JVA Münster
Obduktion des Geiselnehmers: Eine Polizeikugel tödlich

Münster/Düsseldorf -

Nach der Geiselnahme in der Justizvollzugsanstalt Münster am vergangenen Freitag laufen die Ermittlungen weiter. Fest steht jetzt: Der Geiselnehmer, ein 40-jähriger Häftling, wurde von mehreren Kugeln aus Polizeiwaffen getroffen. 

Dienstag, 20.10.2020, 10:20 Uhr aktualisiert: 20.10.2020, 17:39 Uhr
Während des rund dreistündigen Einsatzes war die Justizvollzugsanstalt an der Gartenstraße (im Hintergrund) weiträumig abgeriegelt.
Während des rund dreistündigen Einsatzes war die Justizvollzugsanstalt an der Gartenstraße (im Hintergrund) weiträumig abgeriegelt.
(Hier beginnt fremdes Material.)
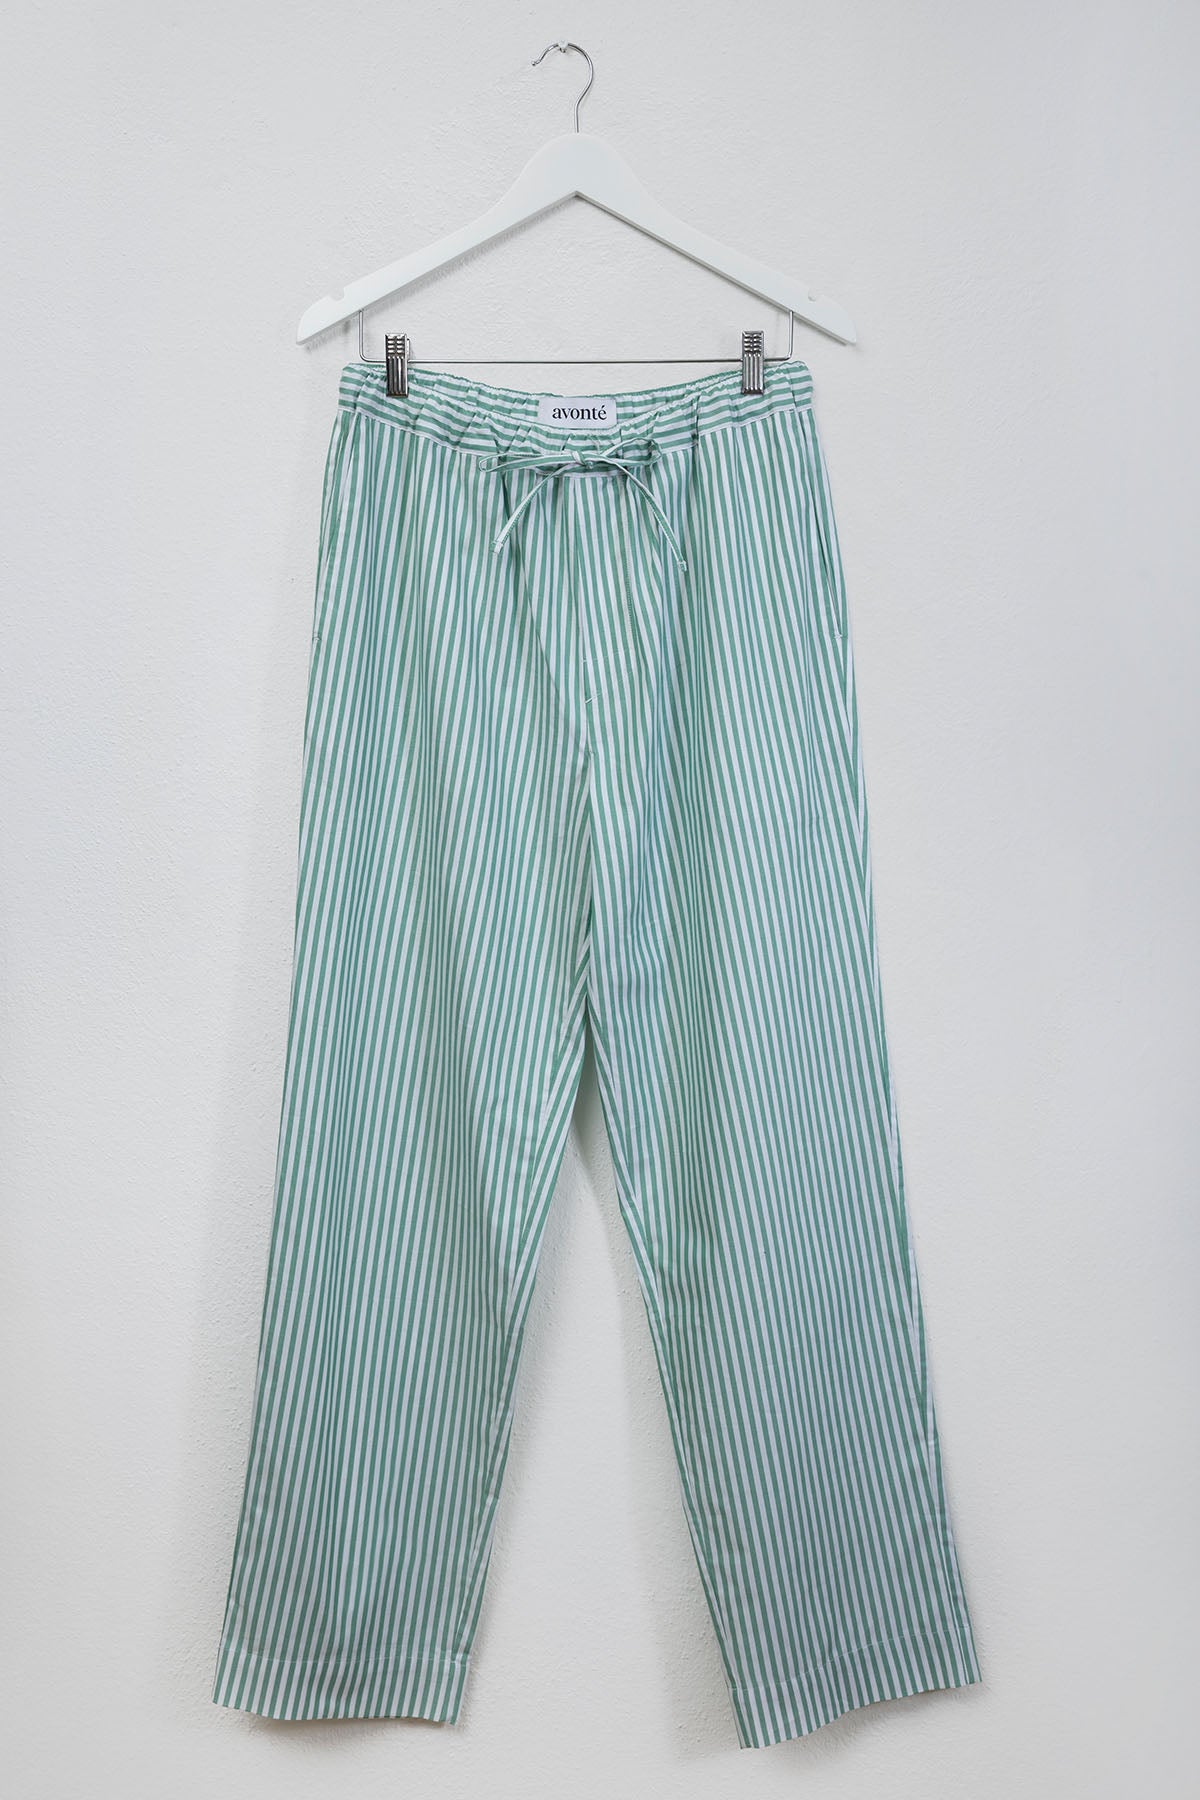 Pyjama Pants in color gratitude green stripes

Foto: Matthias Ahlke

Der Häftling, der bei der Befreiung einer Geisel im Gefängnis in Münster getötet wurde , ist von mehreren Kugeln aus Polizeiwaffen getroffen worden. Das hat die Obduktion der Leiche ergeben, wie Oberstaatsanwalt Martin Botzenhardt am Dienstag der Deutschen Presse-Agentur sagte. Einer der Schüsse sei tödlich gewesen, wie die Untersuchung am Montag ergeben habe. Weitere Details nannte der Sprecher der Staatsanwaltschaft mit Hinweis auf das laufende Ermittlungsverfahren nicht.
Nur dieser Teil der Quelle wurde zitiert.